Um keine bloße Flickschusterei zu betreiben und um vor allem auch zu vermeiden, dass in wenigen Jahren die Kirche erneut saniert werden muss, wurde die "große Lösung" beschlossen. Die schlägt mit rund 1,7 Millionen Euro zu Buche - und damit nur um rund 200 000 Euro weniger als die aufwändige Sanierung des Erkelenzer Lambertiturms.

"Die Finanzierung ist aber gesichert", versichert Merkens. Das Bistum Aachen beteilige sich daran in differenzierter Art und Weise. "Das Bistum übernimmt mal 60 Prozent der Kosten, mal 70 Prozent und mal null Prozent - je nach Dringlichkeit der Maßnahmen."

Zu letzteren gehören die bereits erfolgten - und dringend erforderlichen - substanzerhaltenden Arbeiten.

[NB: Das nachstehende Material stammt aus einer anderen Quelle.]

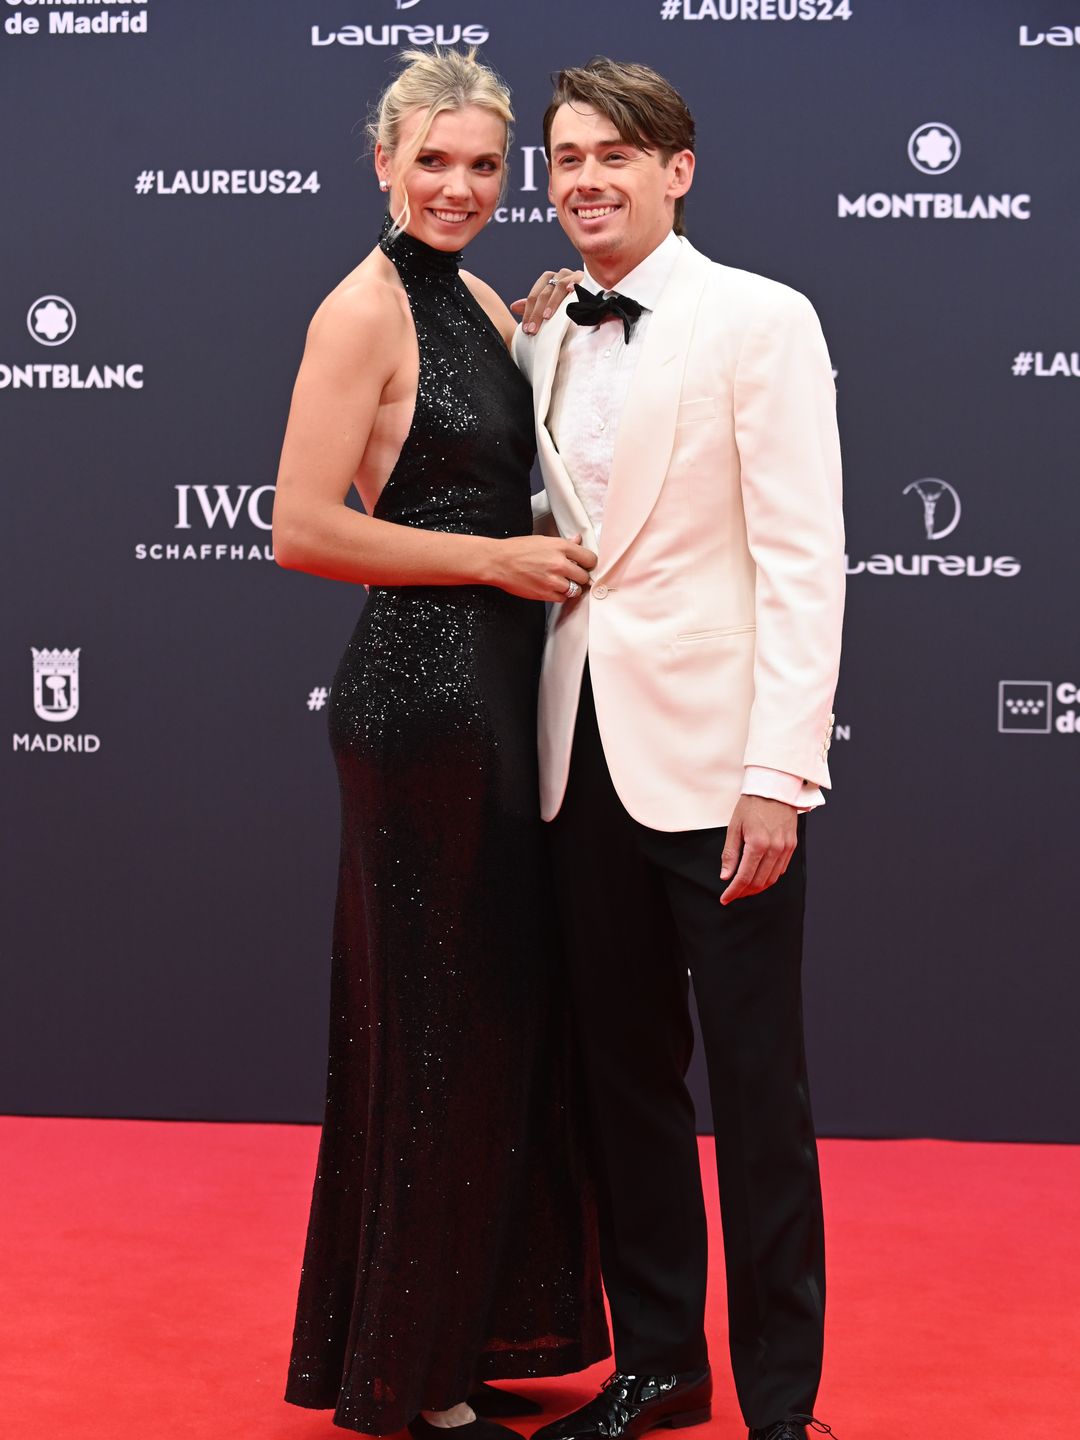 Katie Boulter and Alex de Minaur pose on the red carpet

Dazu zählen die Fundamentisolierung gegen aufsteigende Feuchtigkeit, die Natursteinsanierung der Kirchenfenster infolge brüchigen Materials, die Gewölbesanierung wegen der Risse und die Dachstuhlsanierung aufgrund von Holzfäulnis. "Und auch die Glocken können nun wieder geläutet werden, da die Schwingungsmessungen nach der Sanierung gute Ergebnisse gebracht haben", berichtet Arno Lennartz.

Das ist die neue Kapelle St. Lambertus in Immerath (neu) FOTO: Jürgen Laaser

Neu erstellt worden ist eine Rampe mit Freifläche vor dem rechten Seiteneingang, um einen barrierefreien Zugang zur Kirche zu ermöglichen. In Folge der Arbeiten an den Gewölberissen wurde zudem ein neuer Anstrich erforderlich. Die Untersuchung der vorhandenen Anstrichschichten ergab, dass insgesamt sechs Ausmalungen stattgefunden haben. "In enger Zusammenarbeit mit der Kirchengemeinde, der Bauabteilung des Bistums Aachen und der Denkmalpflege haben wir uns entschieden, die Erstausmalung aus dem Jahr 1868 für die neue Ausmalung zugrunde zu legen", erläutert Arno Lennartz.

Genau daran wird nun noch gearbeitet. "Mit dem Fortschritt der Ausmalung können dann nach und nach die Gerüste abgebaut werden", sagt Lennartz. Als eine der letzten Maßnahmen werde im Mai eine neue Beleuchtung installiert. Statt der bisherigen Pendellampen werden dann Strahlenkränze das Mittel- und Seitenschiff von St. Valentin erhellen.